* [DIRECTIONS] Omit all pictures, then retype exactly the lines from the one that contains "Immagini Natale Yoga.Regala Yoga Natale 2019" through the end of the listing.

* [DATA SECTION]

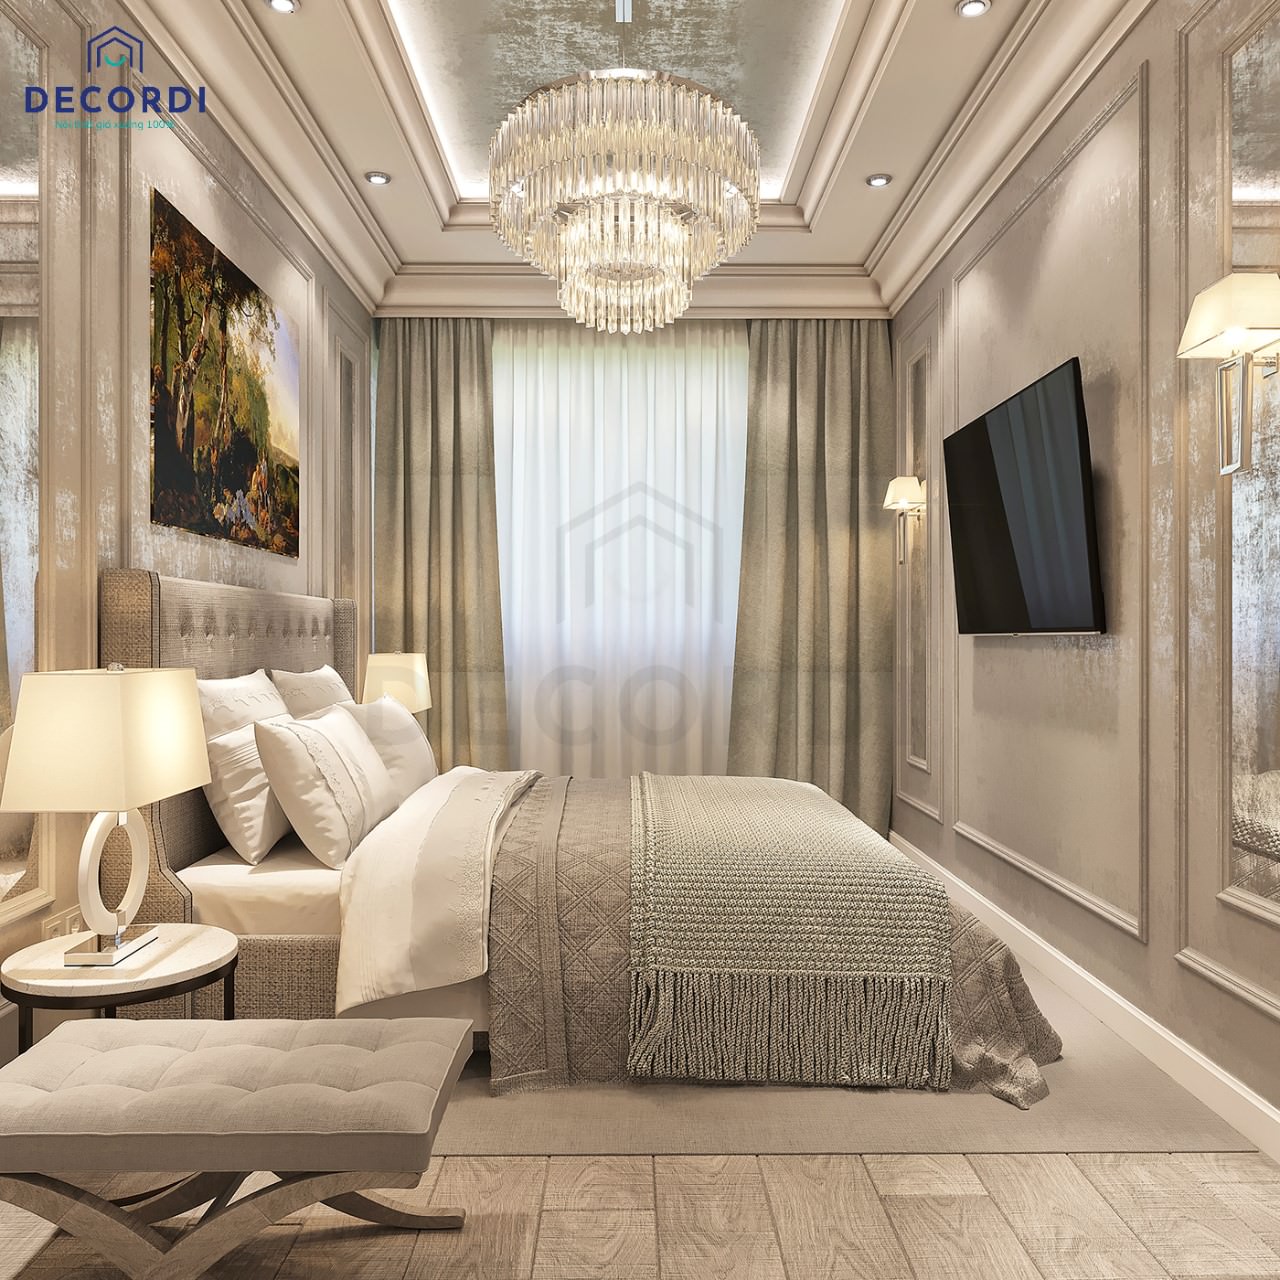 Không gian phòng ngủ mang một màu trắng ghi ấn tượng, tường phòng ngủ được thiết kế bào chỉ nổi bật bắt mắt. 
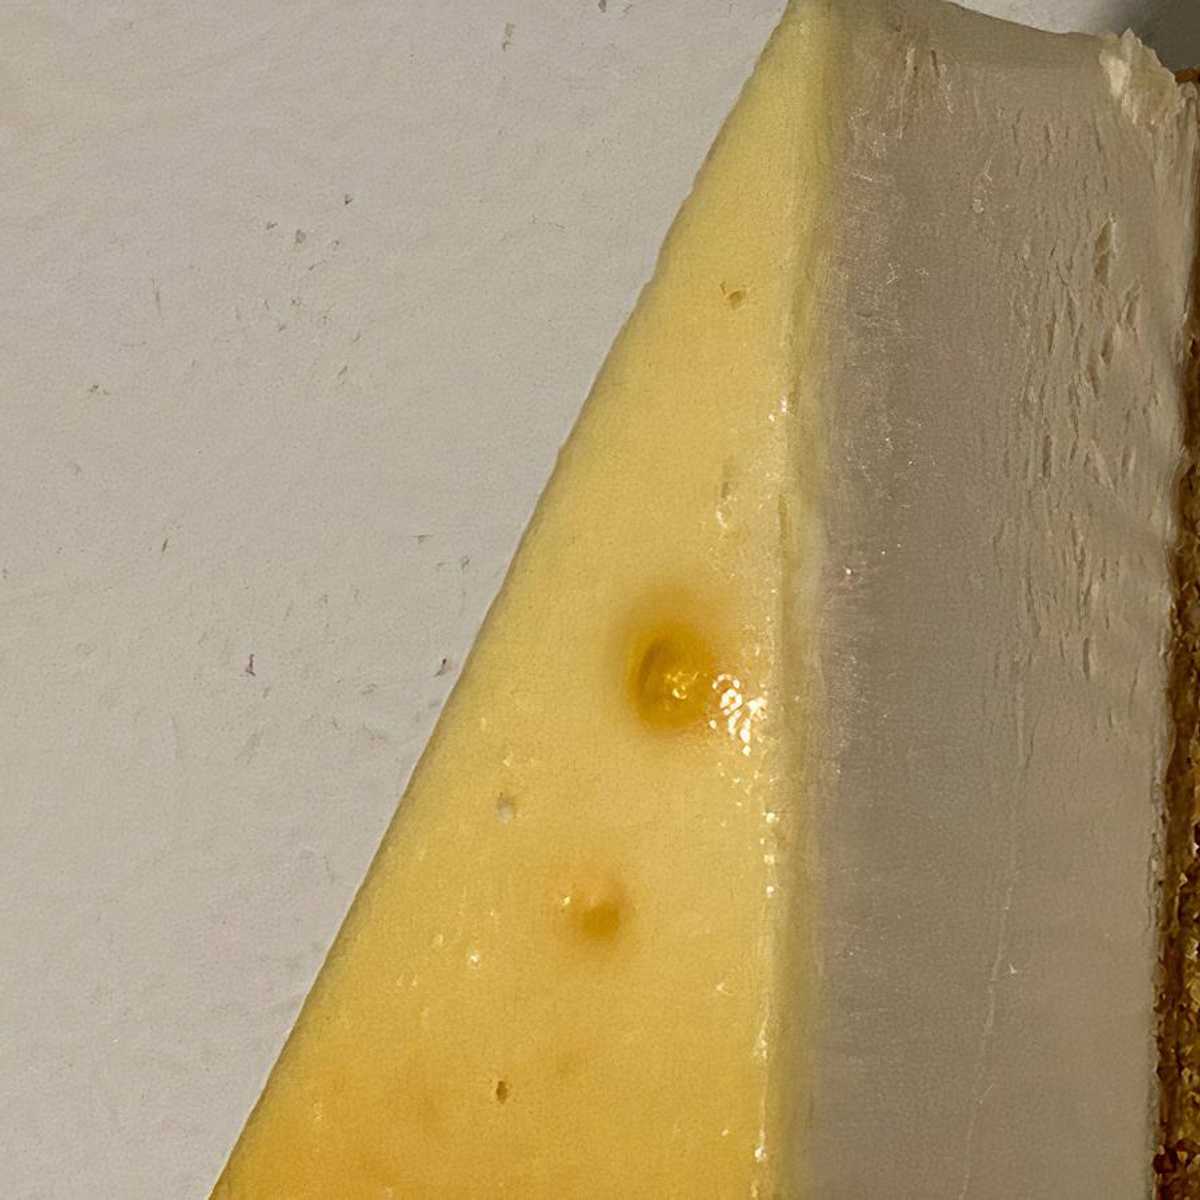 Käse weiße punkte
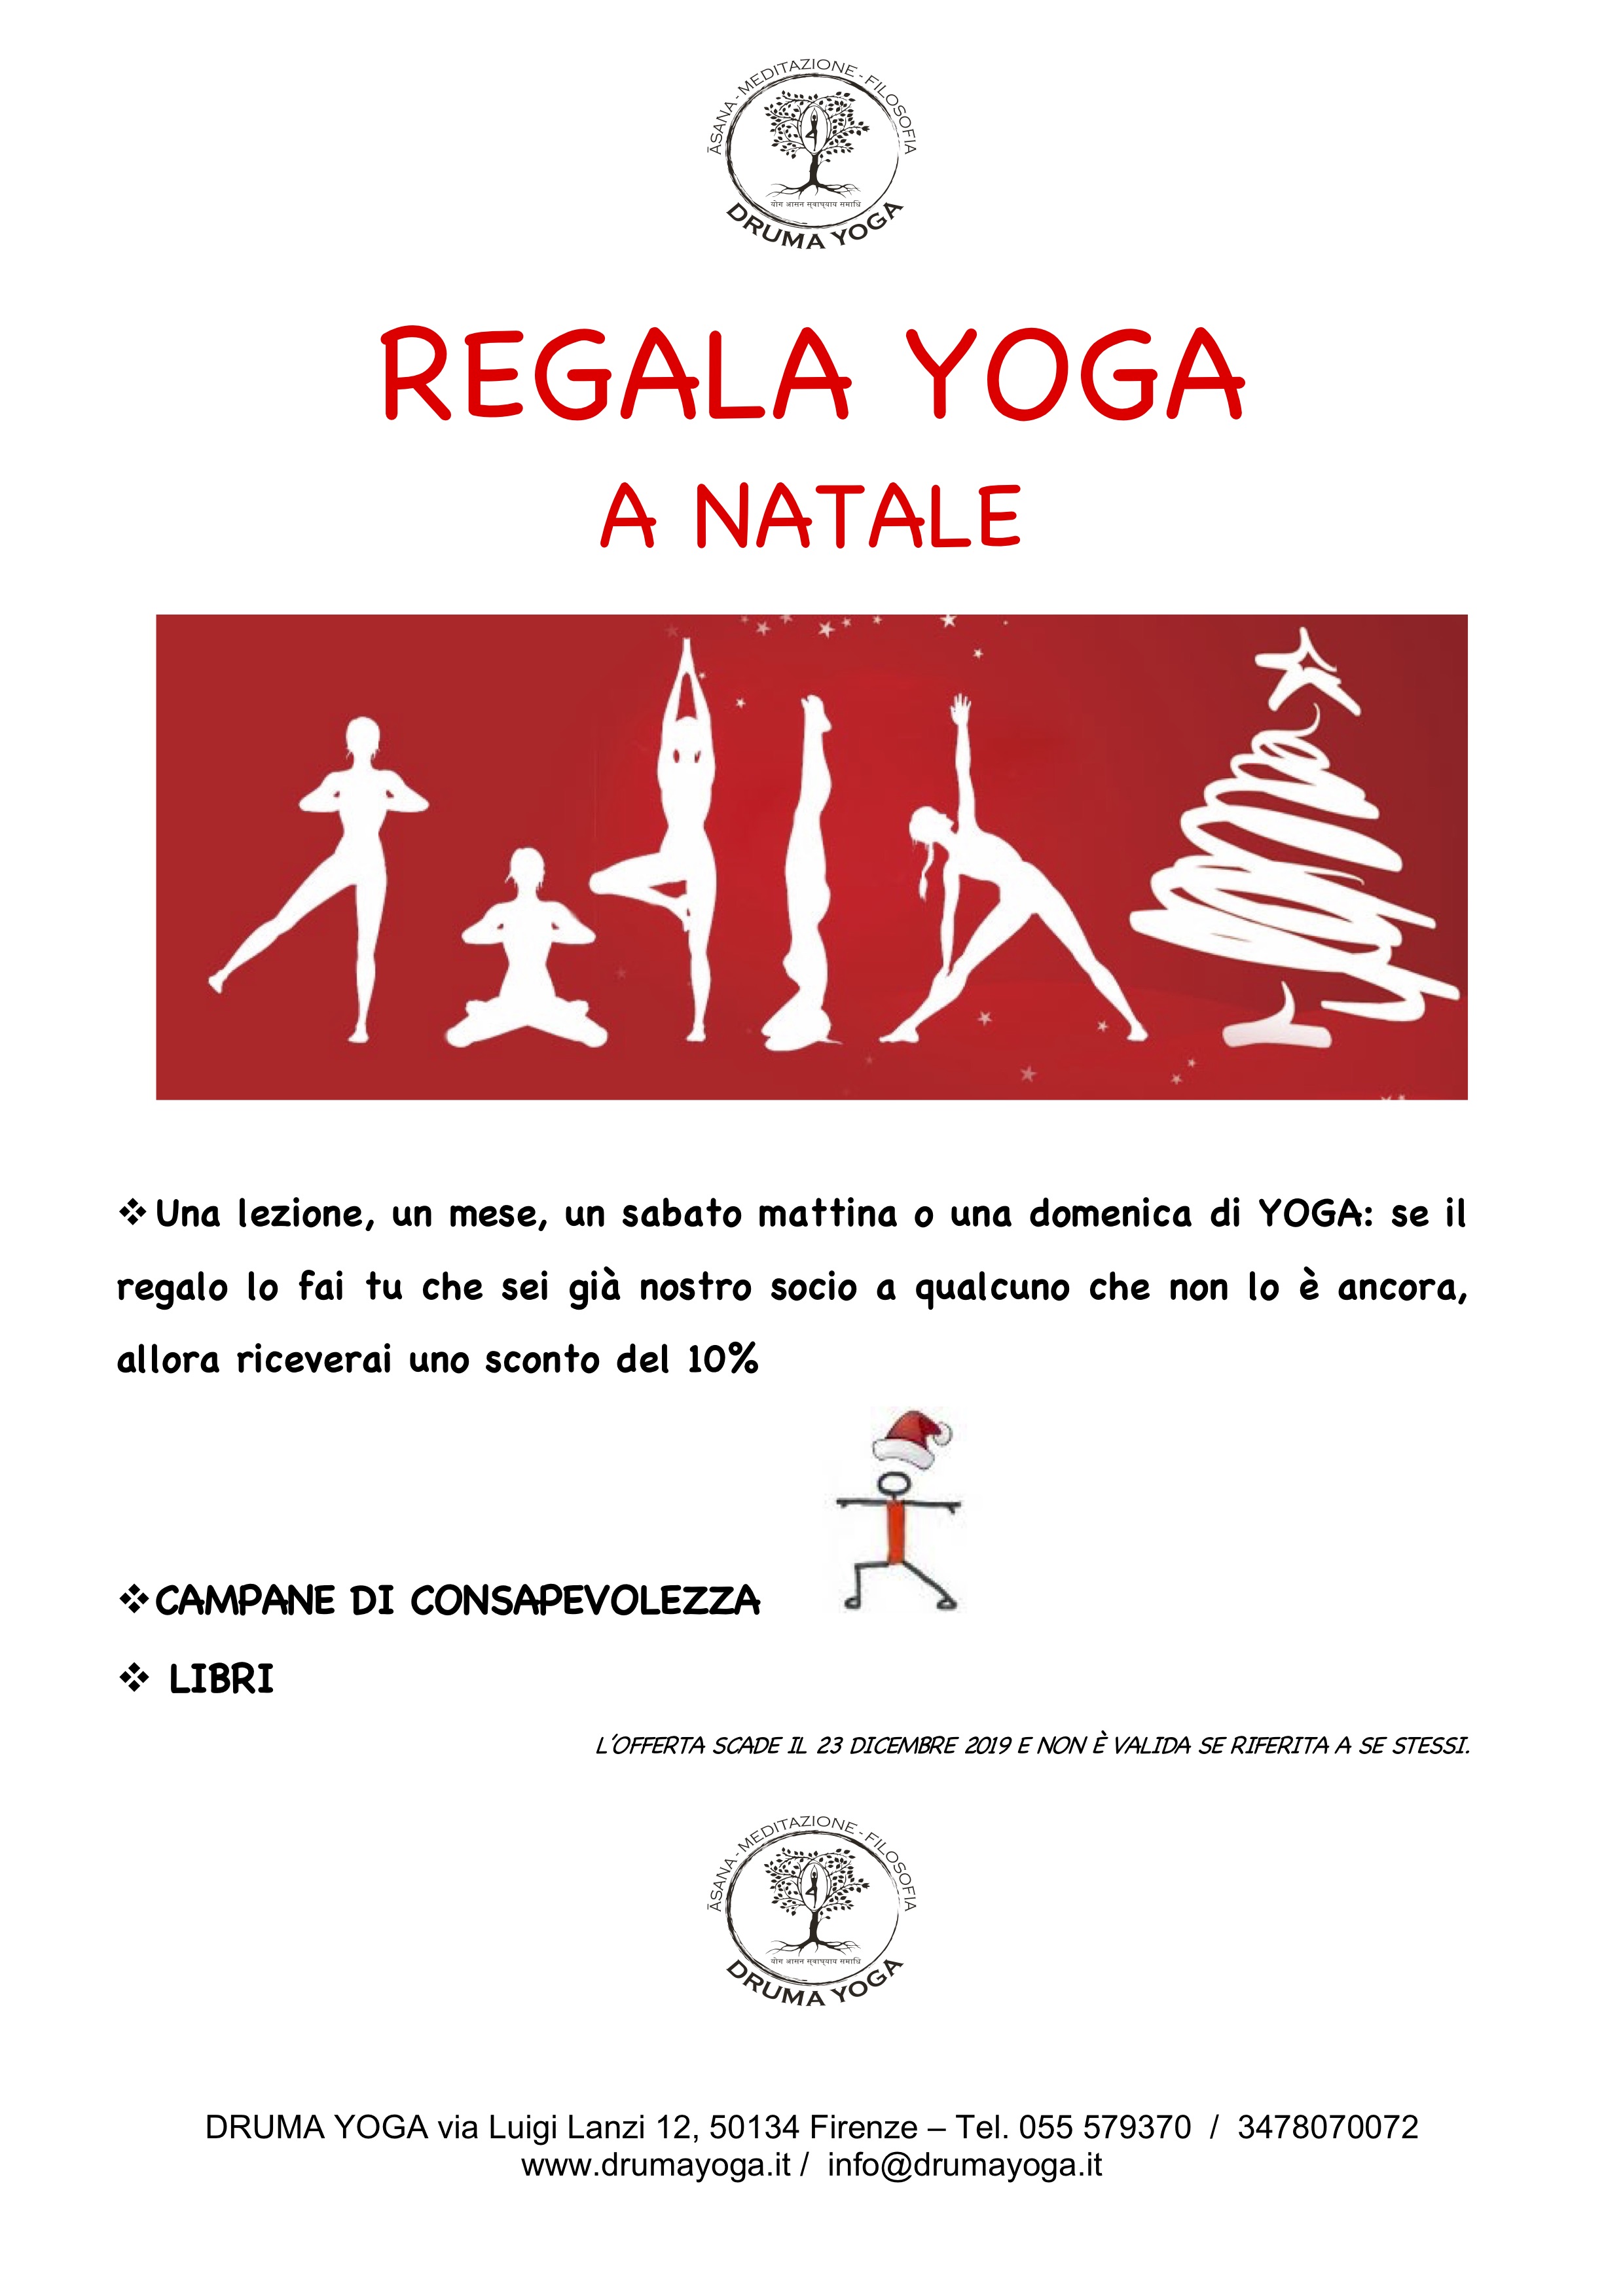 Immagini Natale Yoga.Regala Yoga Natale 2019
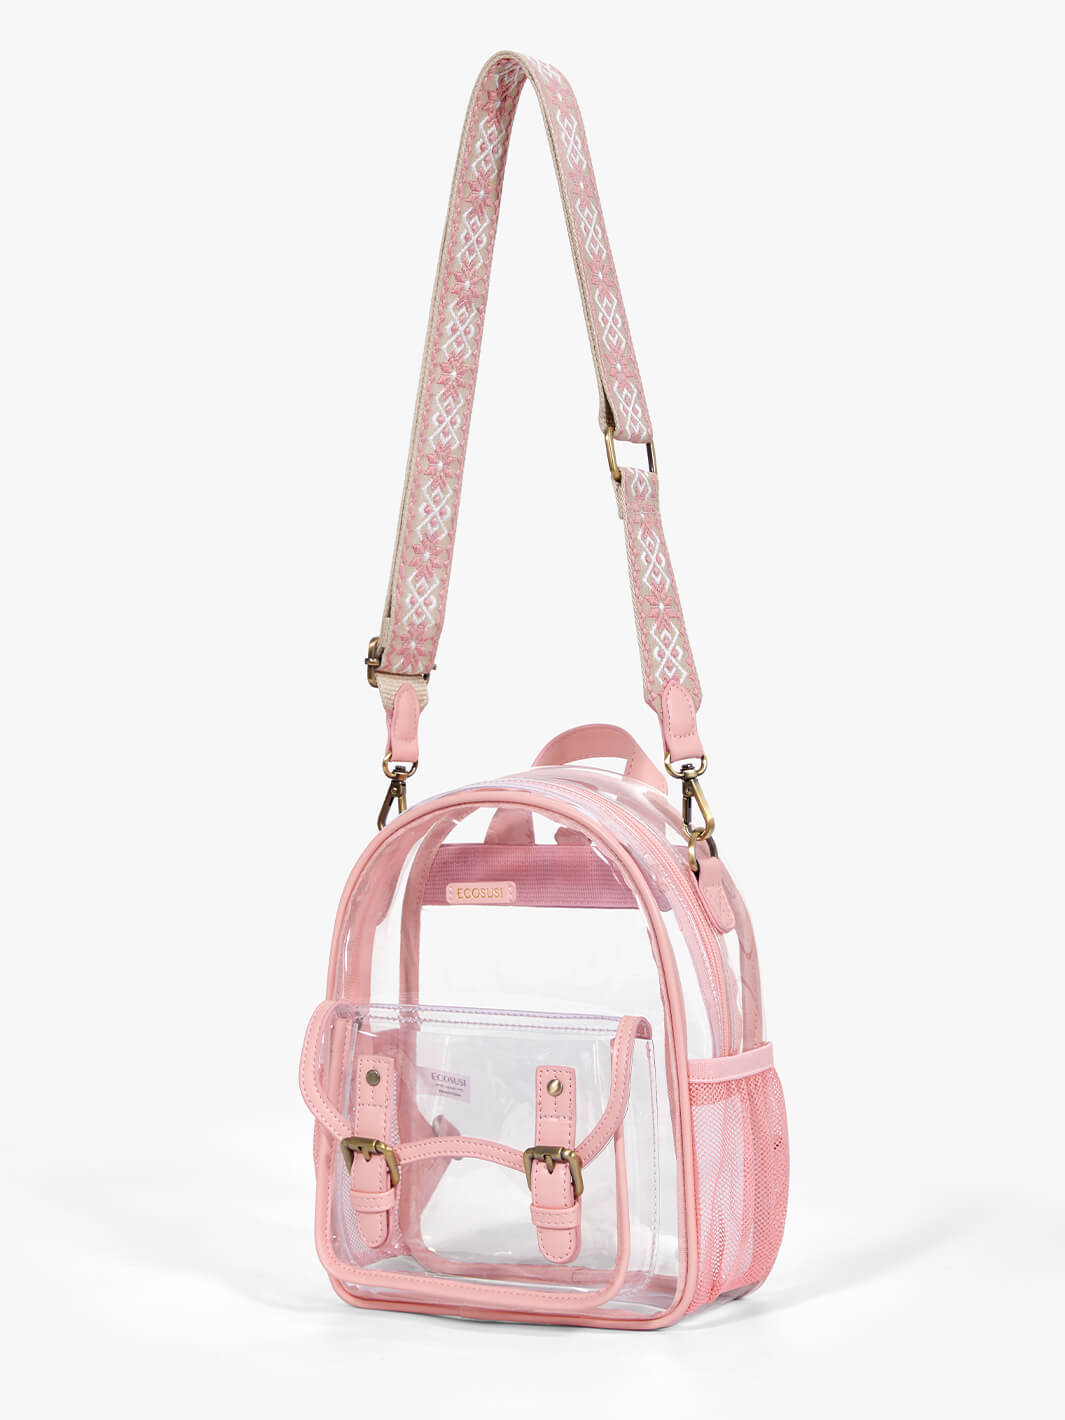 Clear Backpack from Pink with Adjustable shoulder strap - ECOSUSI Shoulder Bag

* [RESPONSE]
 Immagini Natale Yoga.Regala Yoga Natale 2019
 Clear Backpack from Pink with Adjustable shoulder strap - ECOSUSI Shoulder Bag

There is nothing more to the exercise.